My educated guess about how the Zyxel device does balancing across two WAN ports is that it is done in a way that relies on NAT. Once you do bridging there will no longer be any routing or NAT happening on the Zyxel device, thus you will need to find a different way to balance traffic across two interfaces.
Bundling
What you need instead is to configure the two interfaces as a bundle. And you need to configure them as such on both devices. I don't know the devices you are using so I cannot guarantee that they will support configuring two interfaces as a bundle.
Notice that in bridging mode there is not supposed to be any real difference between WAN and LAN ports anymore. So if it turns out the Zyxel only supports bundling on LAN ports you can bundle two LAN ports between the devices.
DHCP
It is quite common for a DHCP server to announce itself as gateway, but it is not a requirement. So though you could in principle have the Zyxel act as DHCP server and announce the TP-Link as gateway I wouldn't recommend it unless you have a good reason.
If the DHCP server in the TP-Link has bugs or lacks features, then you can give the DHCP server in the Zyxel a try. But I would recommend that you first try using the router acting as gateway to also act as DHCP server.

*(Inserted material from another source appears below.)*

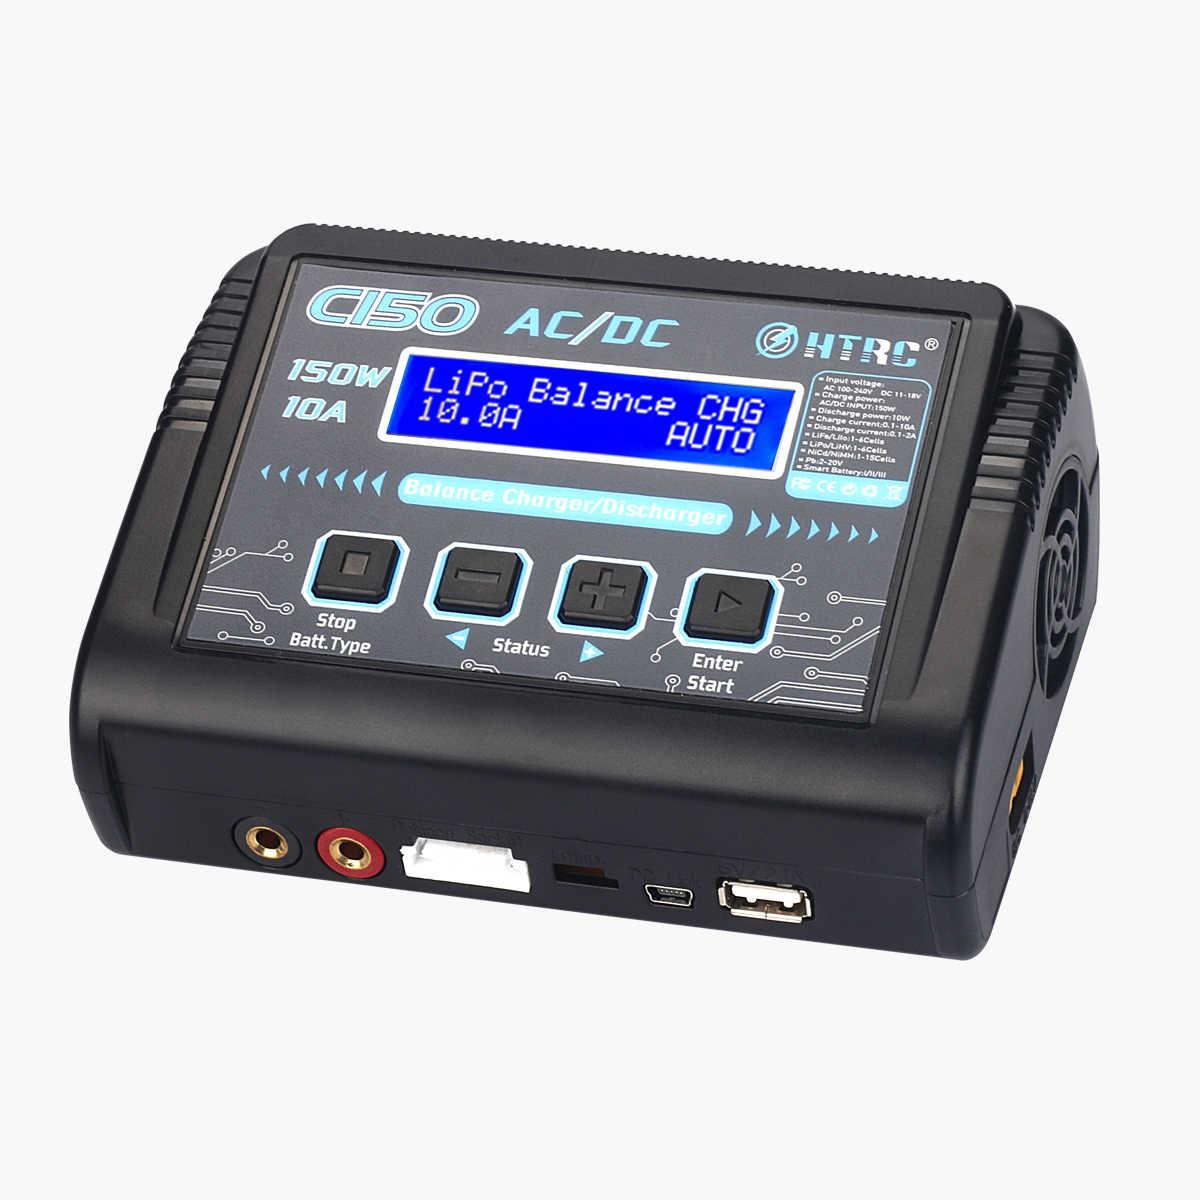 Hot Sale HTRC C150 Lipo Charger Baterai Rc AC/DC 150W 10A RC Keseimbangan Discharger untuk LiPo LiHV liFe Lilon NiCd NiMh Pb Baterai

Notice that if you need many devices it is worthwhile considering a shorter prefix than a /24
. Also notice that running two DHCP servers on a segment can work if done correctly. If both advertise same prefix length, same gateway, and use different non-overlapping ranges of dynamic addresses it should just work. If you want any devices with static addresses you would have to configure those on both DHCP servers. Having only a single DHCP server is easier to configure correctly, so that's the setup I would recommend unless you specifically need the redundancy provided by having two DHCP servers.